For an accurate TOC measurement, however, the sample take-off is of great importance. Oil and fats can be present as an oil slick or sheen, as dispersed oil, emulsified, in a dissolved state and as particles as big as lumps. Oils and fats are normally lighter than water and tend to float on the surface, oils with a higher density sink. The key to obtain a representative sample is to collect the sample from an area where it is vigorously mixed. In an ideal situation the water flows rapidly and is completely turbulent, consequently oil and water are mixed thoroughly. If such a location is not available, then we advise to create a turbulent mixed mass of water by use of a big industrial submersible impeller pump. This industrial pump will grind, mix and homogenise the water.

Most TOC analysers have a limit of detection of 2,000 mg/l. For the determination of higher ranges the sample must be diluted with demineralised water. Due to the hydrophobic characteristics of oil, they are not applicable. Furthermore, oils and fats cause absorption and adsoprtion on wetted parts leading to carry-over and memory effects. They then decrease the response time resulting in a slower recovery after a peak contamination. Therefore, only systems that have little wetted surfaces and work without dilution can be used. LAR’s analysers do not need any dilution of the sample. There are only three wetted parts in the anaylser that are in contact with the sample: The sample tube, a quartz vessel and the injection needle. After every measurement cycle these parts are being flushed with clean water. The entire oxidation power of the QuickTOCultra ranges up to 50,000 mg/l TOC. Thus, LAR’s ultra high temperature combustion at 1,200°C is way ahead of common thermal oxidation methods. The continuous online analysis of oils and fats in waste water is known to be one of the toughest applications. Most oil-in-water analysers have trouble handling this highly contaminated oily and fatty waste water. They use numerous wetted components that are rapidly fouled and contaminated causing analytical memory problems, as well as requiring unacceptable maintenance due to clogging issues. 
LAR’s QuickTOCultra-analyser is an exception. It has proved to be very accurate and reliable. LAR offers well conceptualised oil-in-water analyser installations consisting of an innovative sample take-off technique, sample transfer, anti-isokenetic sampler and TC/TOC/TOD-analyser. Additionally, a two stream application offers the great feature of monitoring the influent and effluent waste water loads simultaneously and thus determining the efficiency of the WWTPs operation.

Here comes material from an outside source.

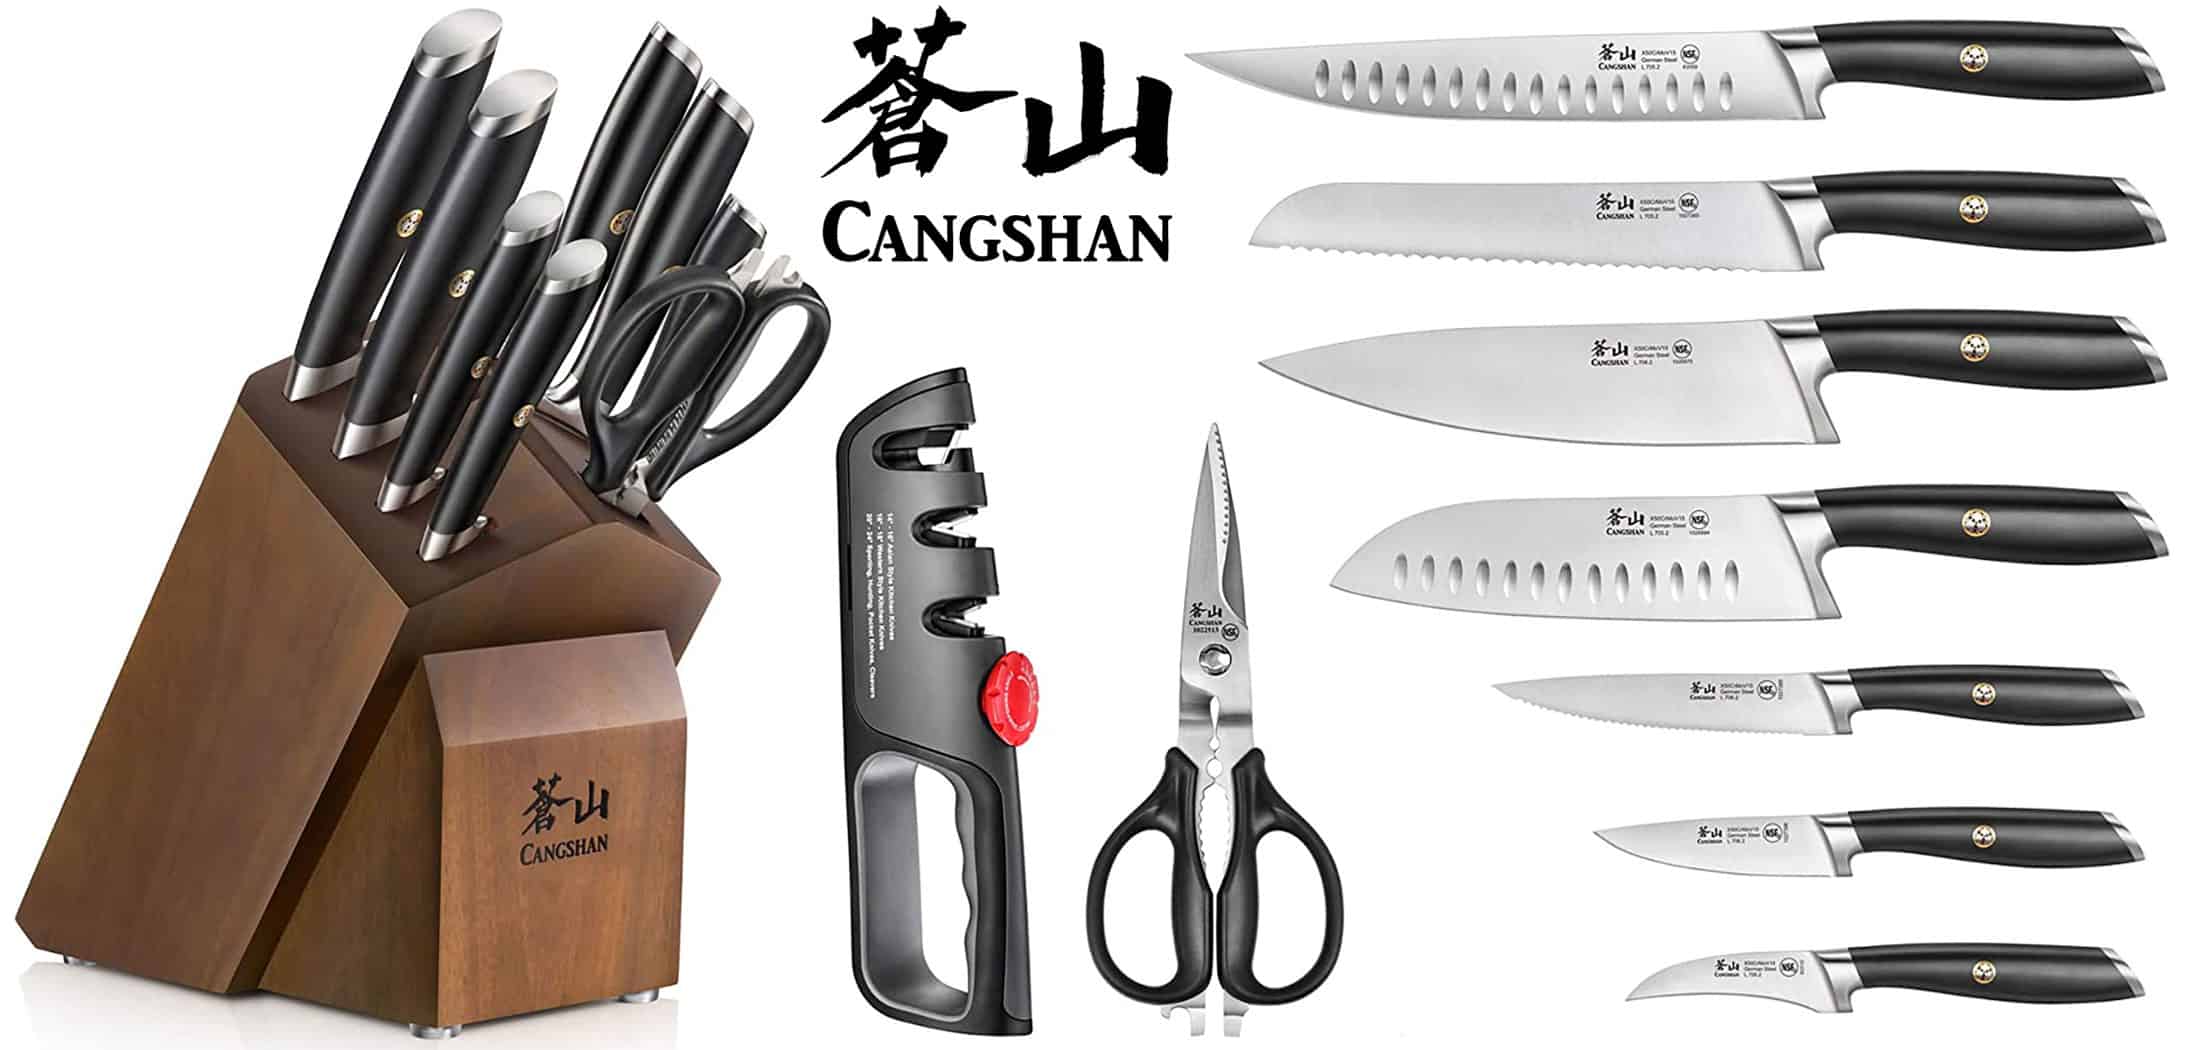 Cangshan L1 Series 10 piece Knife Set

In particular, the analyser is able to measure up to six stream in one unit. In essence, the technique used is based on four simple rules: Keep it hot, keep it unblocked, keep it simple and keep it clean.

Summary

Common OIW-analysers measure indirectly, basing results on secondary oil characteristics. In contrast, a TOC analyser measures directly. It is a carbon counter and is not influenced by oil type or consistency. LAR’s QuickTOCultra proves to be very suitable for OIW applications, offering a dynamic measurement range from 10 up to 50,000 mg C/l and a complete well-

designed sample take-off and sample transfer system, 
as an essential and integral part of its complete package. Hundreds of LAR’s analysers are successfully
in operation to monitor water streams polluted by various oils to protect the environment, detect product spills and save costs.